『漁港の肉子ちゃん』西加奈子

●今回の書評担当者●勝木書店本店 樋口麻衣

 私がこの横丁カフェで本をご紹介させていただくのも、今回で最後になりました。大好きな本をたくさん並べて、どの本を選ぼうか迷っていたら、本から「私を選んでくれたらええんやでっ!」という主人公の強烈な声が聞こえたような気がしたので、最後の1冊はこれに決めました。『漁港の肉子ちゃん』西加奈子(幻冬舎)です。

 行く先々でダメ男たちに騙され、北の町に流れ着いた母と娘。まん丸に太っていて、不細工で、底抜けに明るい母・肉子ちゃん(38歳)。本名は菊子だけれど、太っているからみんなが肉子ちゃんと呼ぶ。ボロボロの人生なのに、肉子ちゃんはそんなこと全然気にしていない。漁港にある焼肉屋「うをがし」で働き、店主のサッサンからその離れを借りて、娘のキクりんと一緒に住んでいる。キクりんは、かわいくて、賢くて、冷静な小学5年生の女の子。お母さんである肉子ちゃんのことが好きだけれど、最近ちょっと恥ずかしくもある。

 物語の中の肉子ちゃんがとにかく明るくて、うるさいくらいなんです。肉子ちゃんのセリフは基本的に語尾に「!」とか「っ!」が付いているので、文字で読んでいるだけなのに、ガヤガヤした声が聞こえてくるような感覚になります。他にも肉子ちゃん独特のおもしろい癖とか考え方があって、終始肉子ちゃんから目が離せません。そんな肉子ちゃんとキクりん母娘の生活を中心に、漁港の人々の息づかいが、キクりんの目線を通して描かれた物語です。

 すごく大きな出来事が起こるわけではないのですが、286ページあたりから急に泣けてきました。目に涙が浮かぶとかではなく、急にブワ──っと涙が溢れました。キクりんのことも、肉子ちゃんのことも、そして自分のこともギュ──って抱きしめてあげたくなりました。「誰かのことを大切にしたい」と思える本は、今までたくさん読んできましたが、こんなに「自分のことを大切にしたい」と強く思える本は、そんなに多く読んだことがありません。

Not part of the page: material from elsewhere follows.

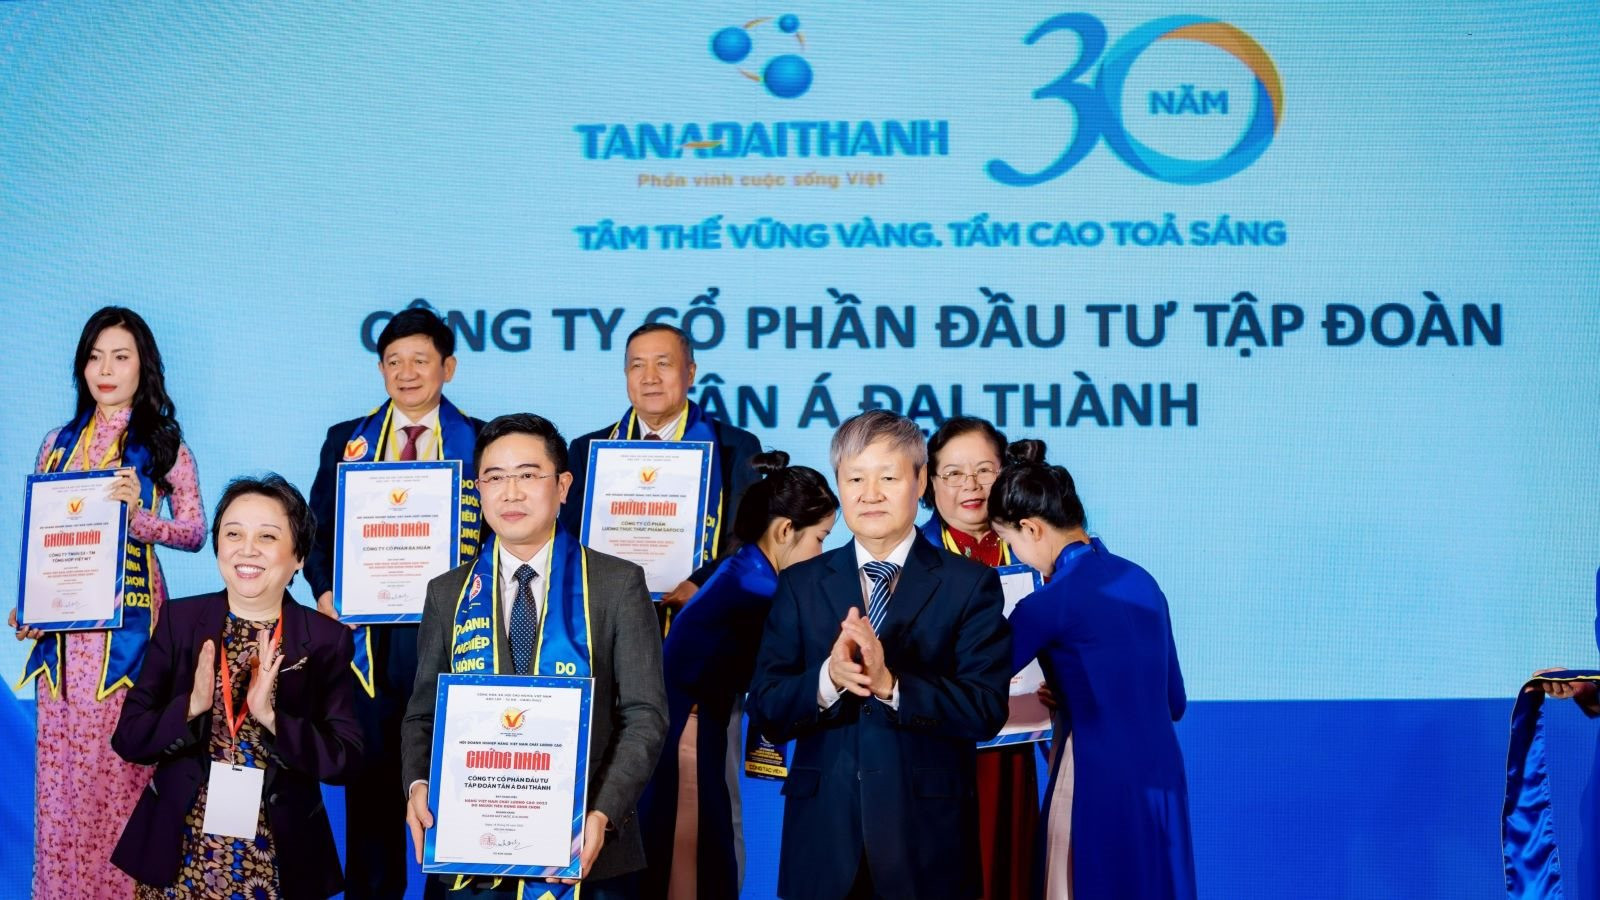 Tân Á Đại Thành: Gần 20 năm liên tục được tôn vinh “ Hàng Việt Nam chất lượng cao”

 肉子ちゃんとキクりんの掛け合いがおもしろくて、愛おしくて、笑わせてくれて、泣かせてくれます。特に終盤は号泣なのですが、肉子ちゃんがしっかり笑わせてくれるので、泣き笑いの波状攻撃で感情の振れ幅が大きかったです。

 肉子ちゃん、とにかく真っ直ぐで明るくて、にぎやかで、一緒にいると、もしかしたらちょっと疲れるかもしれませんが、友達になれたらやっぱり楽しそうです。著者の西加奈子さんの小説は、登場人物がすごく個性的で魅力的で、いつもみんなのことが好きになるのですが、『漁港の肉子ちゃん』の登場人物はそれが際立っています。「うをがし」の店主・サッサンの渋いかっこよさにも注目です。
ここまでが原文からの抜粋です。